Dataset extract:
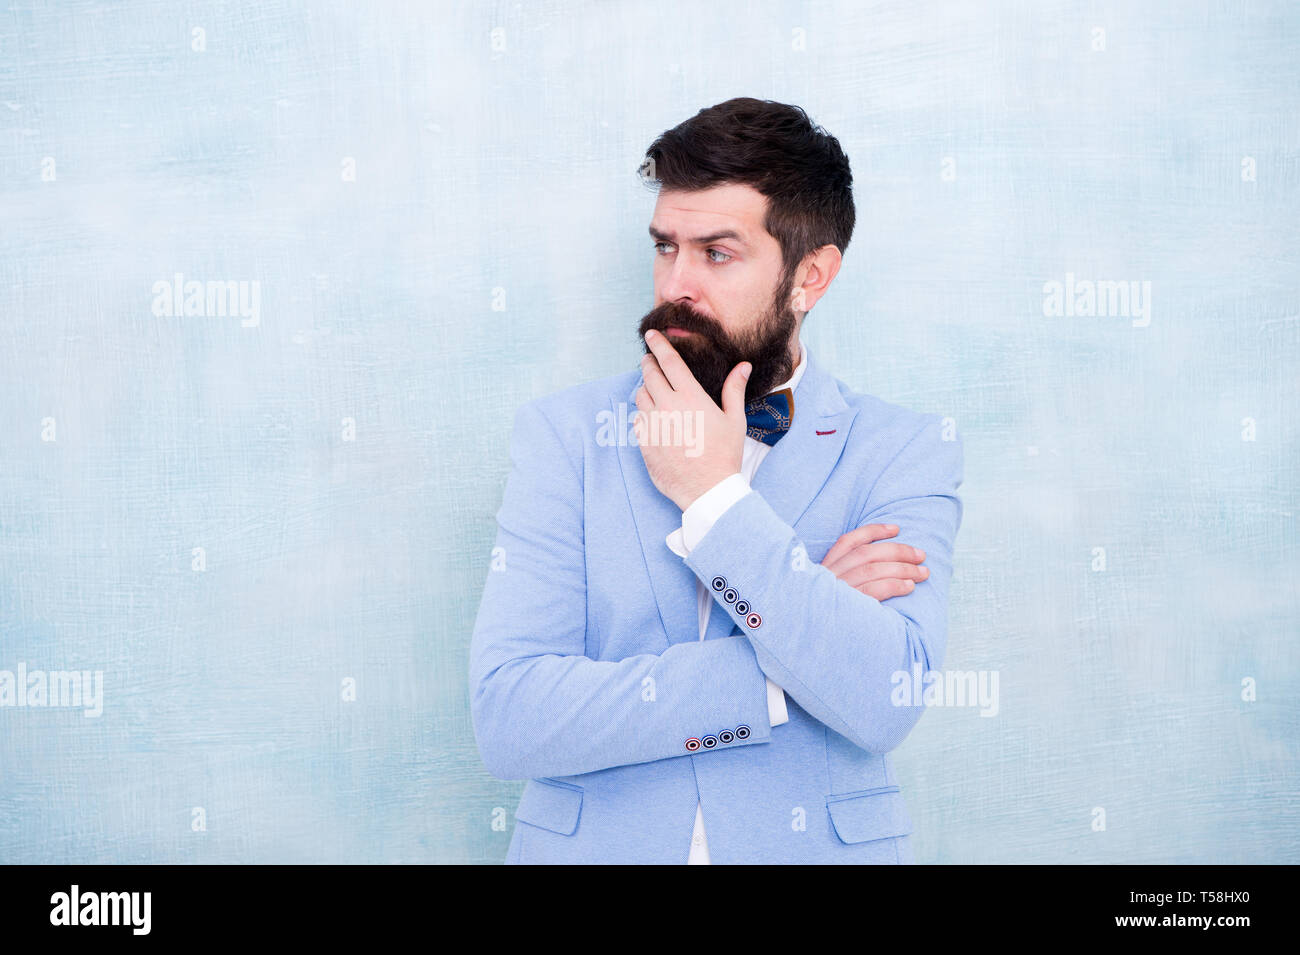 Hipster Matrimonio Uomo : Wedding day nerves immagini & wedding day nerves fotos stock alamy
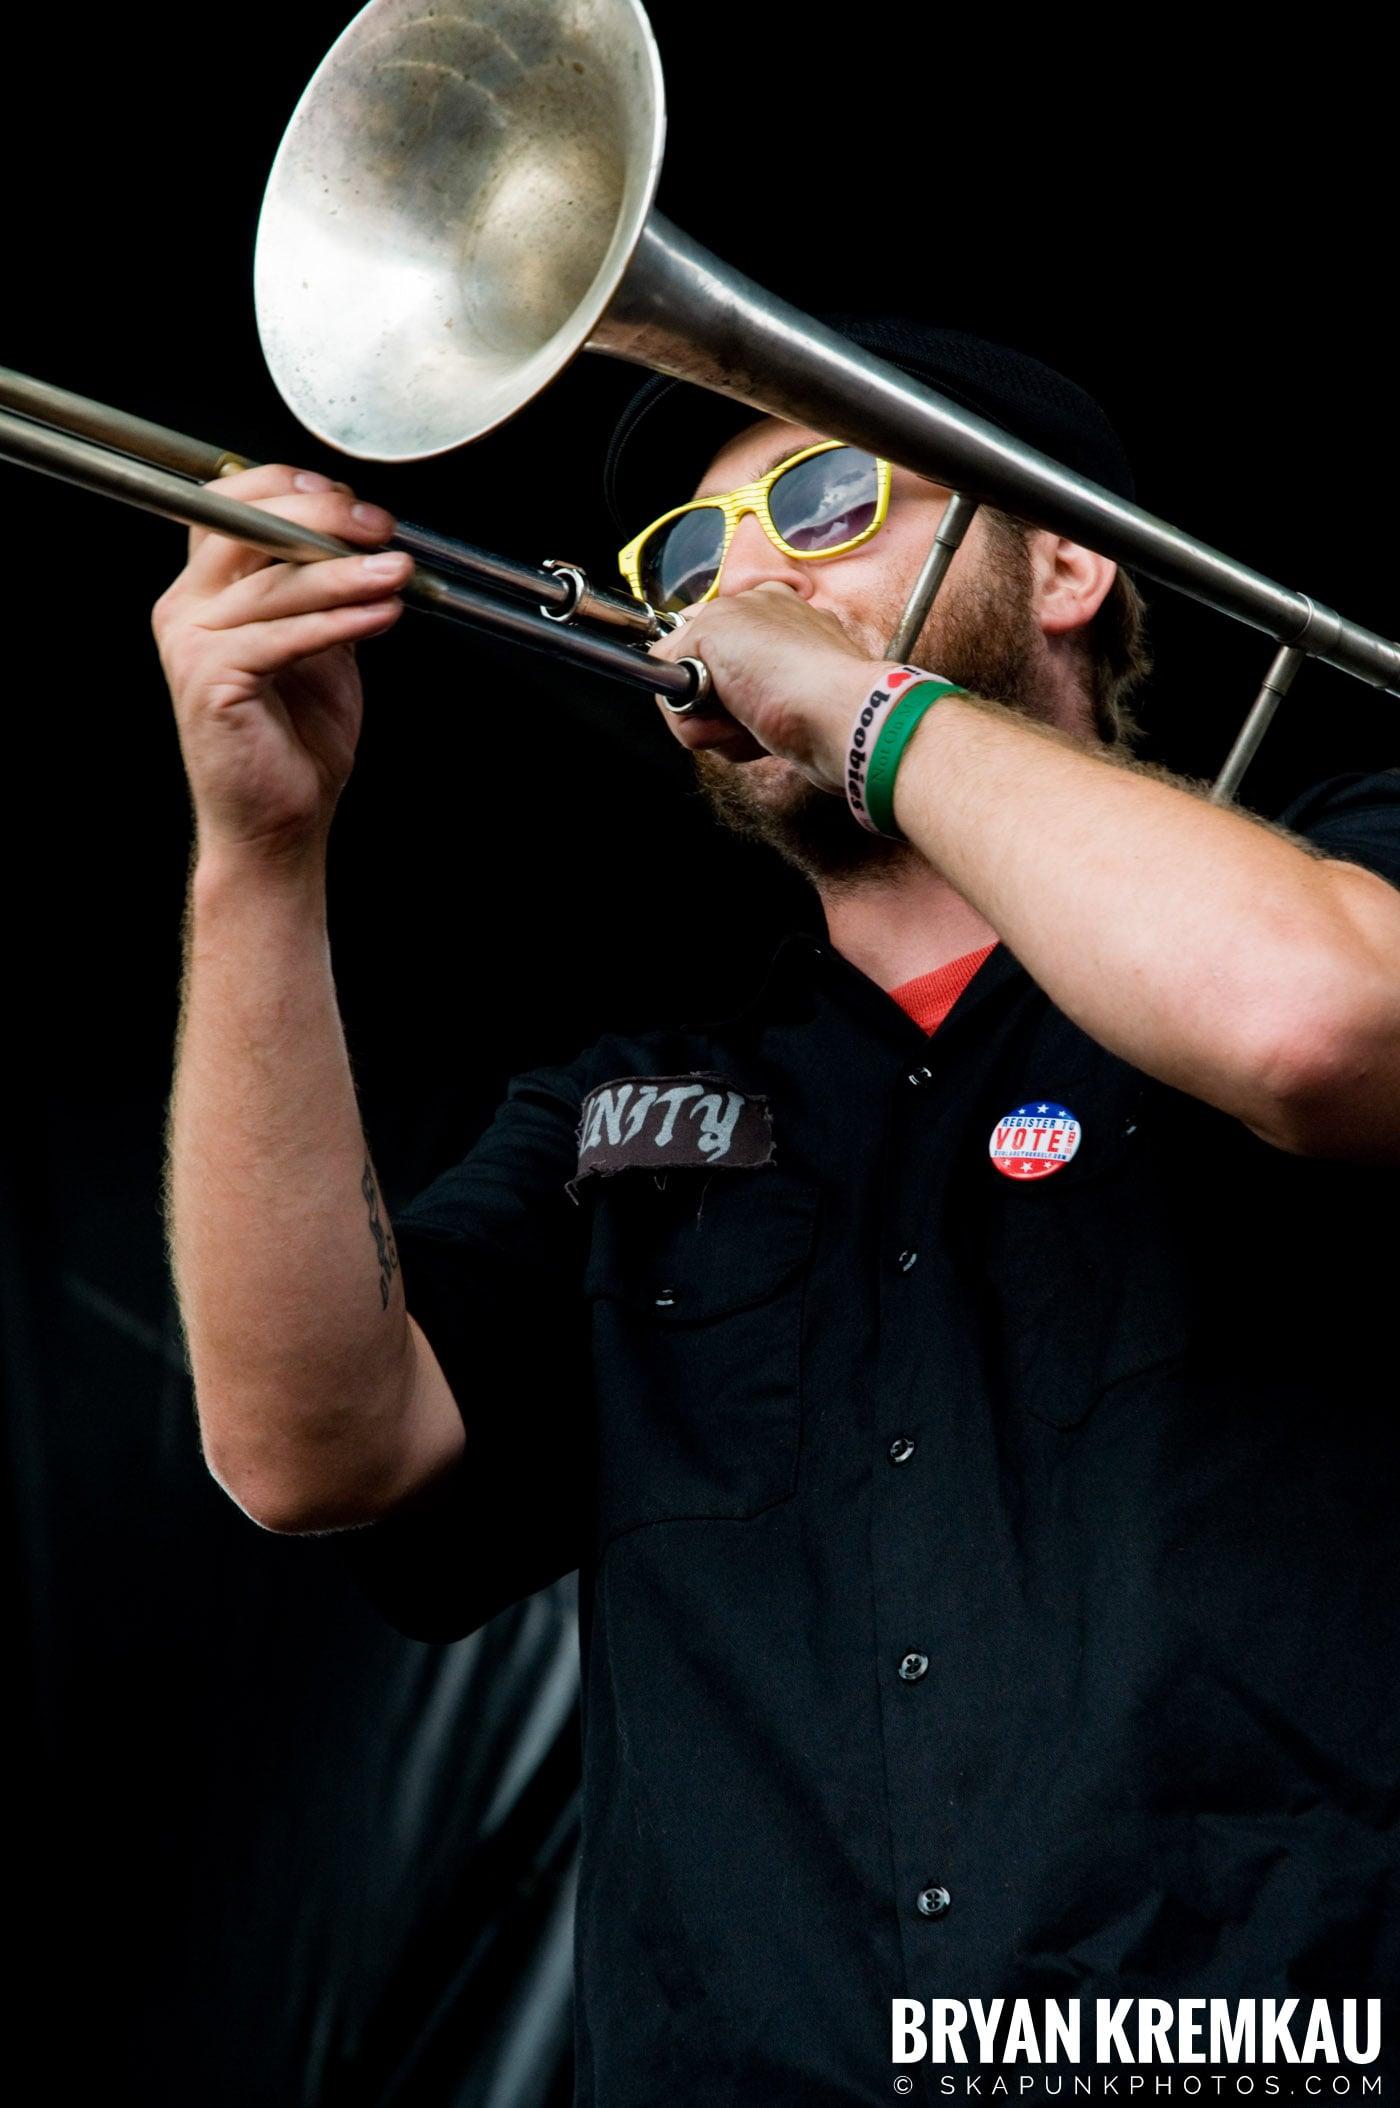 Reel Big Fish @ Warped Tour 08, Scranton PA - 7.27.08 (1)
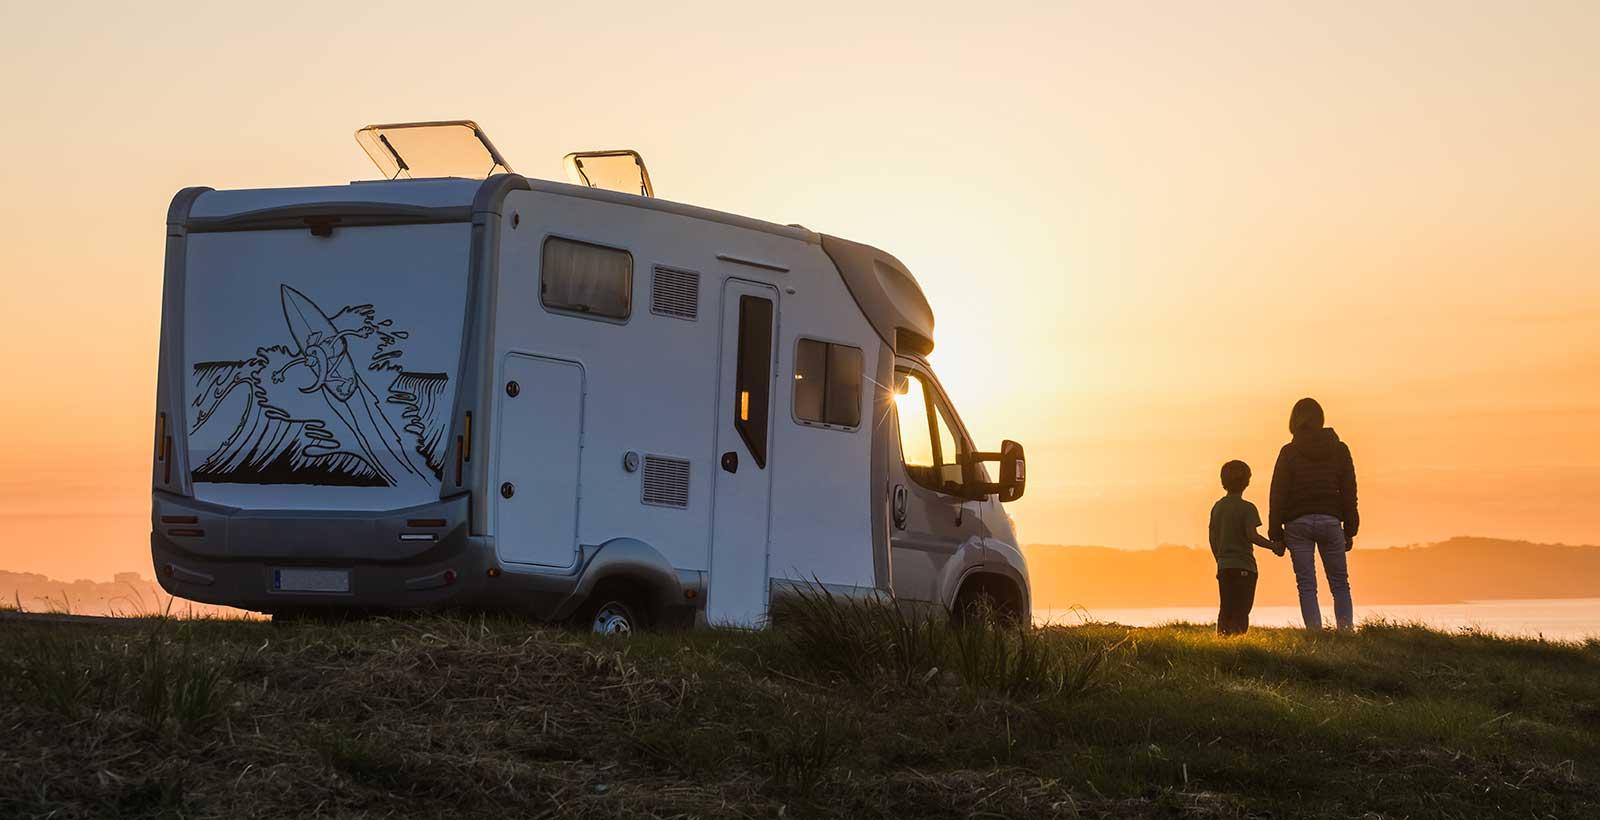 Noleggio a lungo termine camper, convenienza per le tue vacanze.
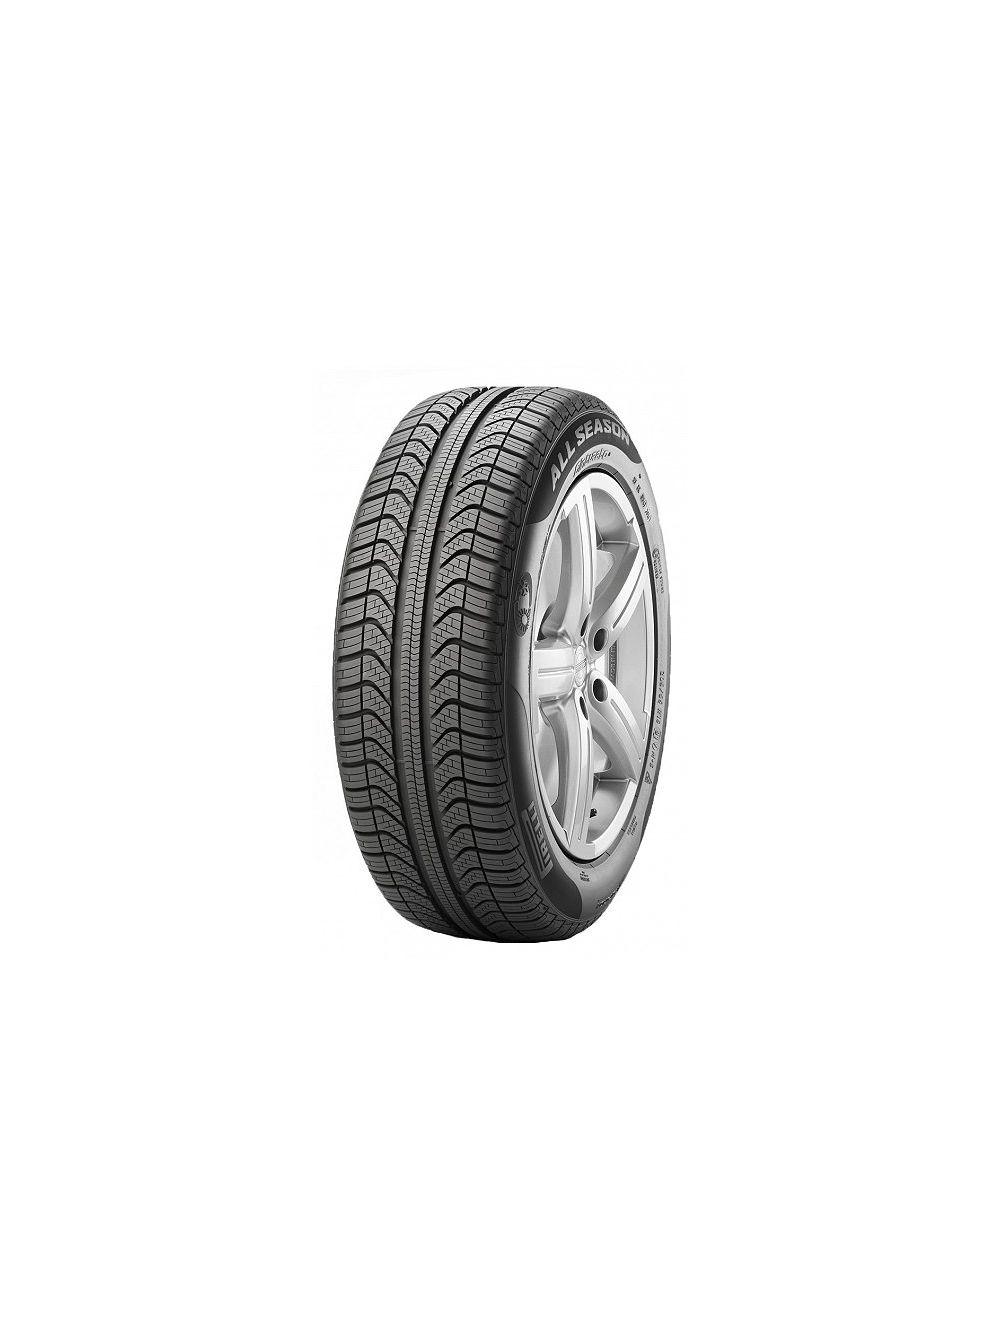 Pirelli 155/70R19 T Cinturato All Season MS Négyévszakos gumi

Assignment: Only the pictures are to be left out; restate everything else in the listing word for word.

Response:
 Hipster Matrimonio Uomo : Wedding day nerves immagini & wedding day nerves fotos stock alamy
 Reel Big Fish @ Warped Tour 08, Scranton PA - 7.27.08 (1)
 Noleggio a lungo termine camper, convenienza per le tue vacanze.
 Pirelli 155/70R19 T Cinturato All Season MS Négyévszakos gumi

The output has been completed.